Jack machte die Flasche auf, trank, reichte weiter. »Was da klopft, ist ’ne Biene, Buzz.«
Ich: »Ich steh auf Bienen.«
Jack: »Was da klopft, ist ’ne abgefahrene, süße Frühlingsblume von einer ausgeflippten, langbeinigen, stupsnäsigen, übermütigen, von zu Hause zum großen Jack Kerouac weggerannten flotten Biene mit Baskenmütze.«
Ich: »Ich bin ganz verrückt nach abgefahrenen, süßen Frühlingsblumen von ausgeflippten, langbeinigen, stupsnäsigen, übermütigen, von zu Hause zum großen Jack Kerouac weggerannten flotten Bienen mit Baskenmütze.«
Jack: »Dann mach ihr schon auf!«
Ich öffnete die Tür, und da war sie, alles wie beschrieben und noch mehr, sechzehn und mit großen, runden Augen und langen Haaren wie Mary Travers von Peter, Paul and Mary. Mit weit offenem Mund musterte sie mich: meine lodengrüne Baskenmütze, die darunter hervorlugende, strähnige Wildheit meines Haars, meine Beat-Levi’s-Jacke und die Jeans und meine kiffroten, glücklichen Bin-den-ganzen-Weg-von-Oxnard-bis-hierher-getrampt-Augen. »Ich wollte eigentlich zu Jack«, sagte sie, und ihre Stimme war brüchig und heiser und leise. Sie senkte den Blick.

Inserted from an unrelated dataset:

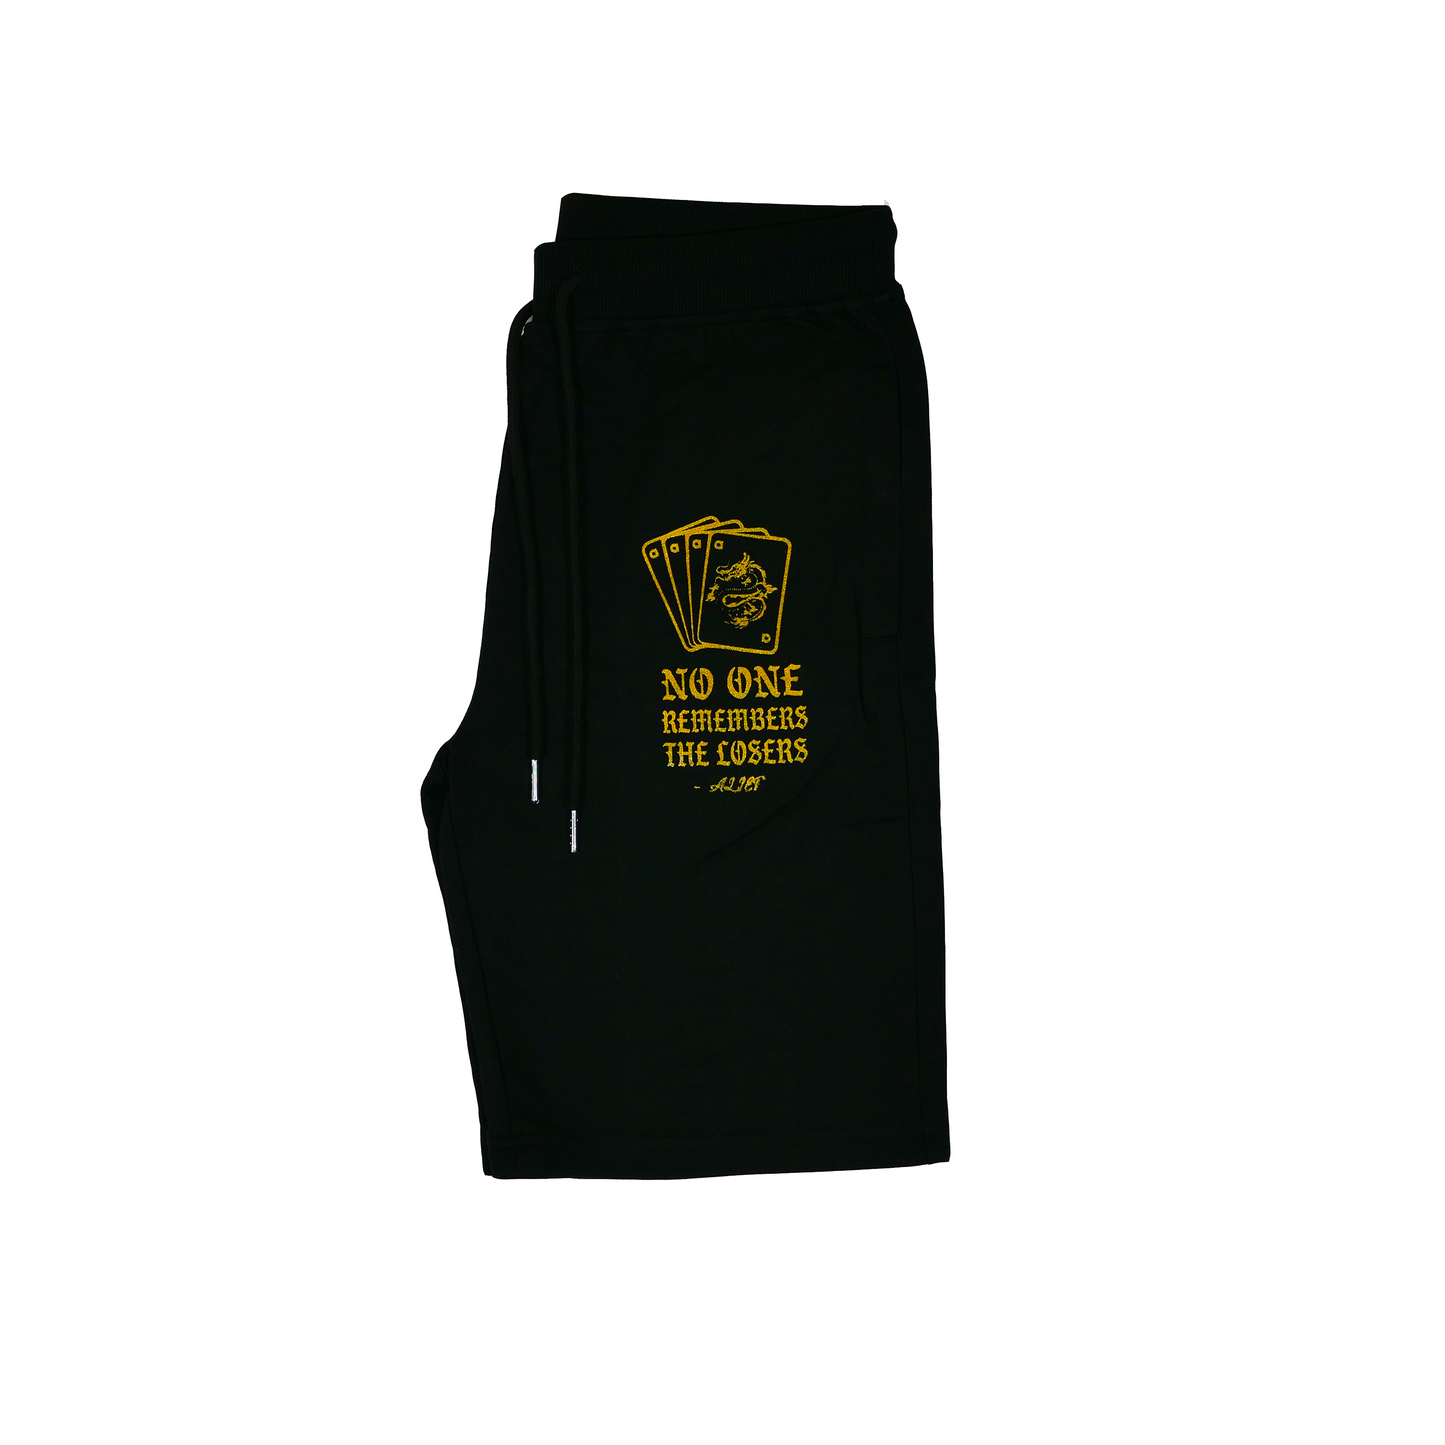 No One Remembers The Losers Shorts - Black/Gold

Ich sah zu Jack, der hinter mir stand, so daß sie ihn nicht sehen konnte, und hob fragend die Augenbrauen. Jack musterte mich mit dem verhangenen, schwelenden Blick eines Buchumschlags aus der Hölle, dann trat er vor, nahm mir die Flasche ab, beugte sich zu der Biene runter, die jetzt zu ihm aufsah, und kitzelte ihr das Kinn mit einem gekrümmten, total abgefahrenen Beat-Zeigefinger. »Kille-kille-kille«, sagte er.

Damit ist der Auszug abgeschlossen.